This means that if you choose to run it at home, and you
have a home router that does NAT, you'll need to do port
forwarding through your NAT so that my code can talk to
your server, even though my code will be running at UW.
You also have access to the attu
instructional cluster, if you'd prefer to run your code there. If you
choose to do this, please be nice, and don't whammy the machines.
Test code
You will want to write a small test suite to make sure that
your server functions correctly. Your test suite should be
designed to exercise all parts of the server behavior
specified in this assignment. (Feel free to share
test suite code with each other!)
Sometime (very soon) now, the instructor will have a Web
server running that adheres to this specification for you
to test your test suite against.
Keep your server running
You must attempt to keep your server running until the last lecture of
the quarter. Given that your server registers itself, we know where
(and when) your servers are running. Your instructor and TA will be
accessing your server periodically to try it out, test it for
comformance, and to measure its availability. :)
Using my test harness
If you have your server up and running, and want to see a test report on
how conformant it is, just launch your browser and visit the following
URL:
http://futureproof.cs.washington.edu:8080/testharness/hostname/portnum
where hostname is the DNS name of your server, and
portnum is the port number it is running on. If all goes
well, your server will experience some mild load, and then you'll see
a report displayed. Search for "--" in the report; those are tests
that your server failed. Anything that has "++" is a success case.

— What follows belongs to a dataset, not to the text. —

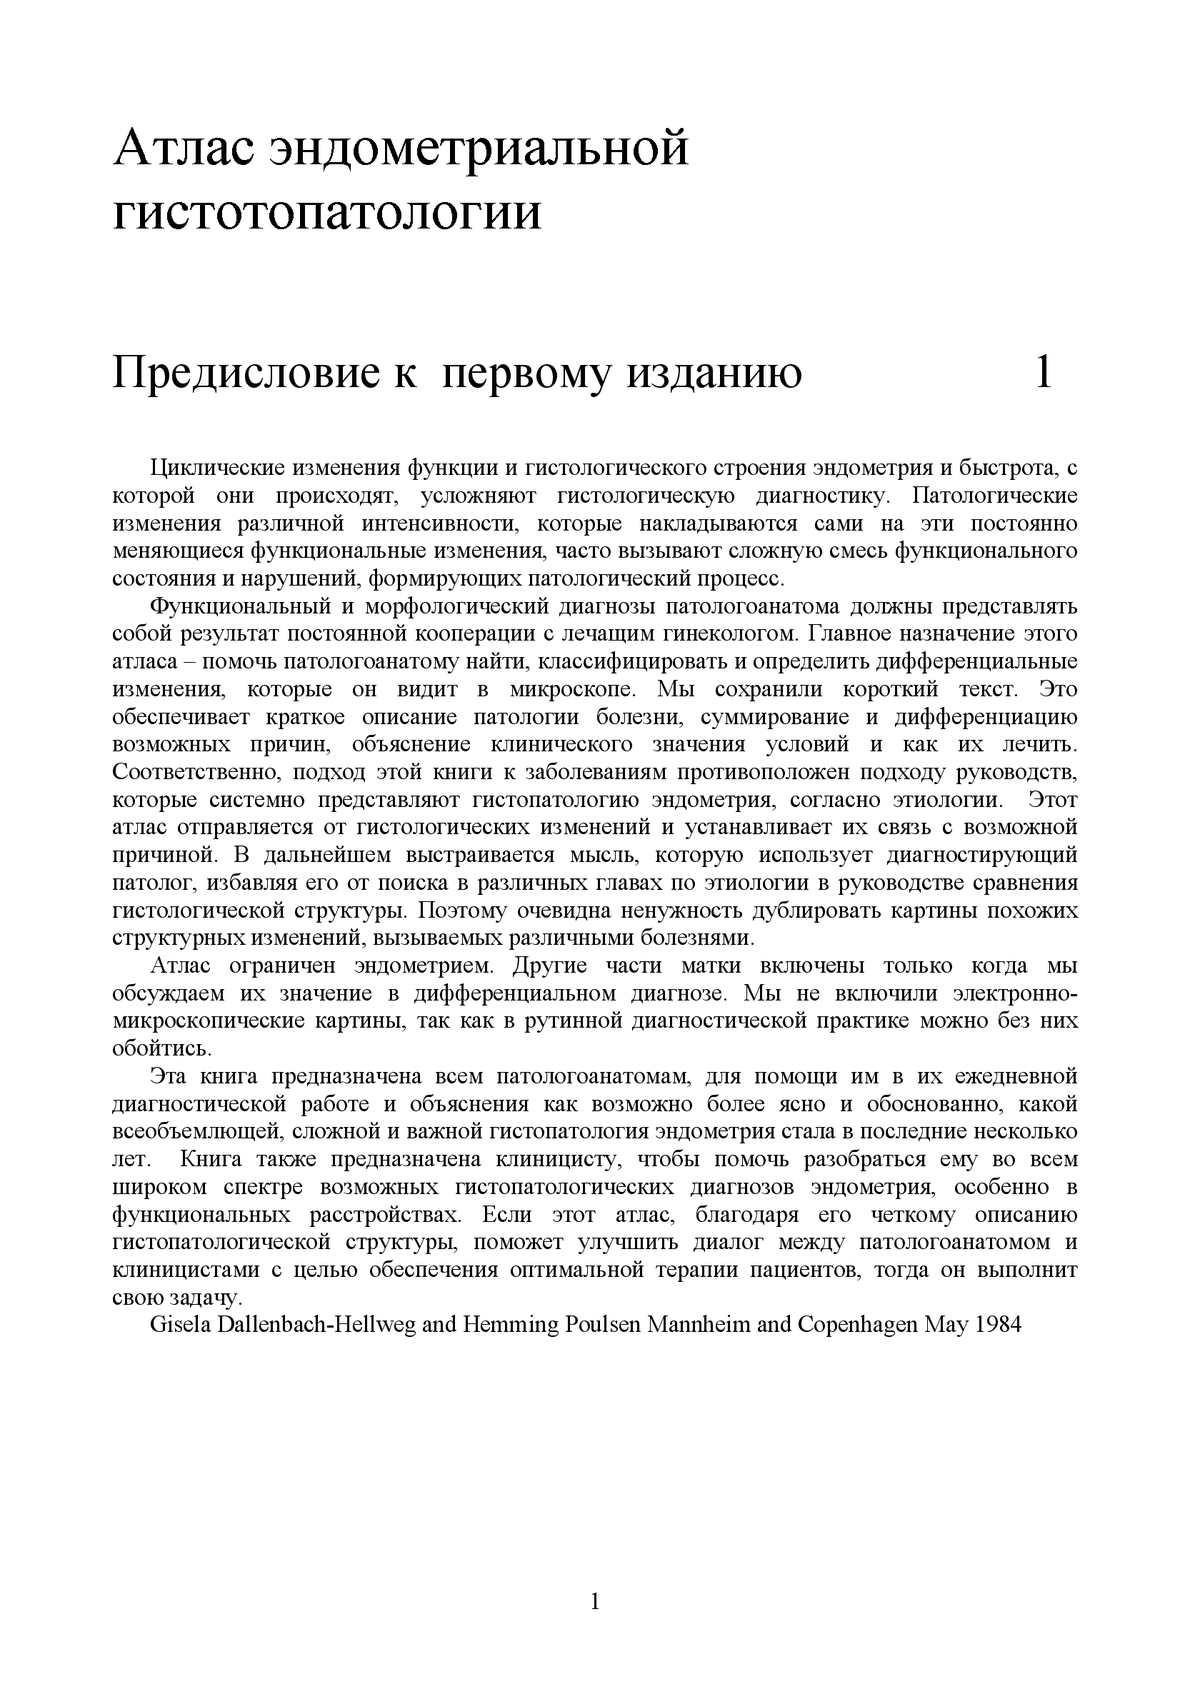 Атлас гистопатологии эндометрия

The report is a little terse and cryptic, but hopefully it's helpful.
What to turn in
Your submission should be a single .tar.gz or .zip file, containing the
following elements:
- a writeup that includes:
- a brief description of how you implemented your server --
what operating system, language, and development tools did you take
advantage of, and why?
- a brief description of any interesting engineering problems
you faced, such as dealing with errors
- measurements showing the latencies of GET and POST
operations, as well as the throughput of a large number
of back-to-back POST and GET operations, and a short
analysis of your measurements (why do you think they
are what they are?)
- source code for your server, and a precise description of
what libraries we would need in order to run your server,
and any additional instructions needed to launch it
- source code for the test suite that you wrote or
appropriated. If you borrowed code from one of your
classmates, be sure to credit them.